Ebola en RDC : le Royaume-Uni débloque 26 millions USD et exige un accès humanitaire total

Photo d’illustration

L’est de la République démocratique du Congo (RDC) fait face à une crise humanitaire sans précédent, exacerbée par une nouvelle flambée épidémique d’Ebola. Les provinces du Nord-Kivu, du Sud-Kivu et de l’Ituri sont particulièrement touchées, créant une situation des plus préoccupantes. Lors d’une session du Conseil de sécurité des Nations unies dédiée à la RDC, le Royaume-Uni, par la voix de sa ministre conseillère Jennifer MacNaughtan, a exprimé sa profonde inquiétude face à cette double tragédie.

La diplomate britannique a salué la réactivité des autorités congolaises face à cette urgence sanitaire, tout en reconnaissant le rôle crucial de la Mission de l’Organisation des Nations unies pour la stabilisation en RDC (MONUSCO) dans l’acheminement des ressources vitales vers les zones sinistrées. Londres a également confirmé son engagement financier substantiel pour appuyer la riposte contre l’épidémie.

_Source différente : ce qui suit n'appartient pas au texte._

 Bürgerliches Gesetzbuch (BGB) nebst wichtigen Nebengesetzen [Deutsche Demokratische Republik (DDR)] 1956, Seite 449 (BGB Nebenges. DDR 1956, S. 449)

« Nous saluons la prompte réaction de la République démocratique du Congo et nous nous félicitons des efforts déployés par la MONUSCO pour garantir que les fournitures essentielles puissent parvenir aux zones affectées. Le Royaume-Uni a alloué jusqu’à 26 millions de dollars pour soutenir la lutte contre Ebola », a affirmé Jennifer MacNaughtan ce vendredi 26 juin.

La représentante britannique a souligné l’étroite collaboration de son pays avec les instances congolaises, les partenaires internationaux tels que l’Organisation mondiale de la Santé (OMS) et le CDC Afrique, ainsi qu’avec les gouvernements des pays voisins. Cette coopération vise à renforcer la coordination de la réponse, la surveillance épidémiologique, les stratégies de confinement et les capacités de préparation face à la maladie.

Malgré la gravité de l’épidémie d’Ebola, l’est de la RDC reste le théâtre de violents affrontements entre divers groupes armés, incluant la rébellion de l’AFC/M23, soutenue par le Rwanda, et les forces gouvernementales. Dans ce contexte de conflit persistant, le Royaume-Uni a lancé un appel vibrant à toutes les parties prenantes pour qu’elles garantissent un accès humanitaire total, sécurisé et sans entrave aux populations en détresse.

« Nous exhortons toutes les parties à assurer un accès humanitaire complet et sans obstacle, en stricte conformité avec le droit international, afin de permettre cette intervention de santé publique d’une importance capitale », a martelé Jennifer MacNaughtan au nom du Royaume-Uni.

La propagation continue de l’épidémie d’Ebola dans les régions orientales de la République démocratique du Congo, déjà minées par les conflits armés, les déplacements massifs de populations et une insécurité chronique, aggrave considérablement la situation. Les communautés subissent des perturbations croissantes, notamment une diminution de l’accès aux marchés, aux moyens de subsistance et aux services de base. Parallèlement, les infrastructures de santé sont sous une pression extrême et luttent pour garantir une réponse rapide et efficace.

Pour de nombreux partenaires de la RDC et organisations humanitaires, une réponse efficace exige un accès sécurisé aux zones affectées par l’insécurité et les déplacements. Il est également impératif de maintenir une surveillance rigoureuse aux points d’entrée, qu’ils soient officiels ou informels, et de diffuser des informations sanitaires claires, précises et fiables. Dans certaines régions, l’insécurité et les agressions contre le personnel de santé ont gravement entravé les opérations de riposte, notamment la détection des cas et le suivi des contacts.

Face à ce tableau alarmant, les autorités congolaises maintiennent une position rassurante, écartant tout discours alarmiste. Elles mettent en avant les efforts considérables déployés, en collaboration avec les partenaires nationaux et internationaux, pour endiguer l’épidémie. Elles rappellent également l’expertise accumulée par le pays dans la gestion des crises sanitaires, la RDC ayant déjà vaincu seize précédentes épidémies d’Ebola grâce à des opérations de riposte d’envergure.